By the end of 2025, NiSource expects to have spent $2.2 billion on renewable generation.

“We’re making the fastest transition away from coal. Seventy-four percent coal to zero in a single decade. A 90% reduction in emissions by 2030, including the 58% reduction we’ve already achieved. And now a goal of net zero by 2040,” Anderson said.

MISO Proposing 2nd SSR Agreement for Retiring Coal Unit

MISO appears likely to use a system support resource (SSR) designation to keep a Wisconsin coal plant operating past its planned suspension date unless stakeholders come up with a viable alternative.

During a West Technical Study Task Force teleconference Friday, MISO’s Huaitao Zhang said staff uncovered unresolved thermal overloading and steady state voltage issues on 12 constraints if Manitowoc Public Utilities’ Lakefront 9 unit is allowed to begin its suspension as planned on Feb. 1, 2023. The 63-MW coal-fired unit began commercial operations in 2006.

The grid operator will collect stakeholders’ input on alternative mitigation plans to the SSR agreement through Nov. 18. However, it says alternative solutions are scarce because there are too few resources nearby to employ generation redispatch, no new generation projects in the works, no contracted demand side management programs in the area, and zero available transmission reconfiguration options.

“Lakefront 9 will need to be designated as an SSR unless feasible alternatives are identified and can be implemented prior to the planned suspension date,” Zhang said.

Staff noted that some transmission projects on the horizon will improve system performance enough to terminate the SSR. The earliest is expected to be in service by early April 2023, not soon enough to avoid an SSR.

Clean Grid Alliance’s Natalie McIntire asked whether MISO studied using synchronous condensers as a potential interim solution or considered converting the plant itself into a synchronous condenser. Zhang said MISO hadn’t contemplated that.

Stakeholders on the teleconference did not offer any other alternatives.

The RTO uses SSR agreements as a last-resort measure to keep generators online past their retirement dates and sustain system reliability.

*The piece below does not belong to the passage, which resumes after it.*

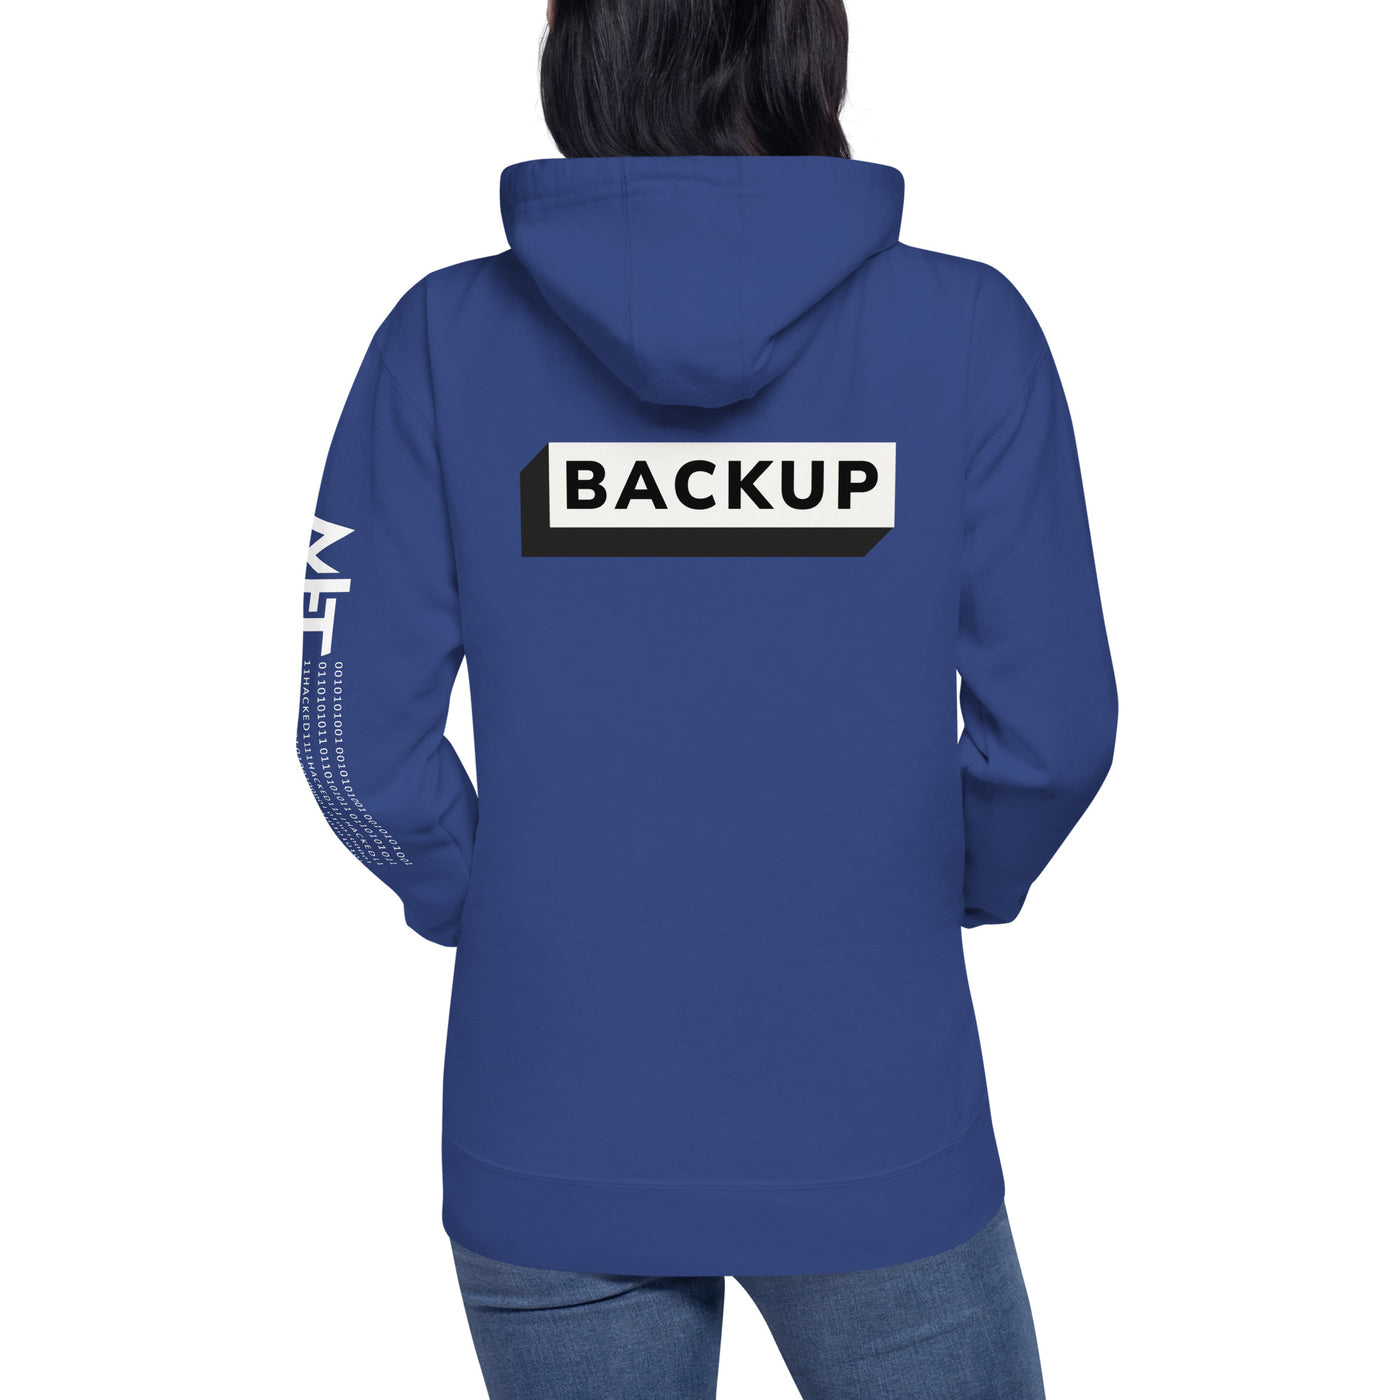 Backup - Unisex Hoodie (back print)

Zhang told McIntire that MISO’s proposal to require retiring or suspending generation to give a year’s notice instead of the currently required six months will allow staff to solicit solutions earlier in the process, giving them more time to identify feasible alternatives. (See MISO Stays Course on Sharpening Generation Retirement Studies.)

A Lakefront 9 SSR designation will be MISO’s second within a year. It received FERC permission last month to establish a yearlong SSR agreement for Ameren Missouri’s 1.2-GW Rush Island coal plant. (See FERC: Rush Island Plant’s Extension Essential to MISO Reliability.)

Since its inception, MISO has approved about 200 retirement notices and issued a dozen SSR agreements.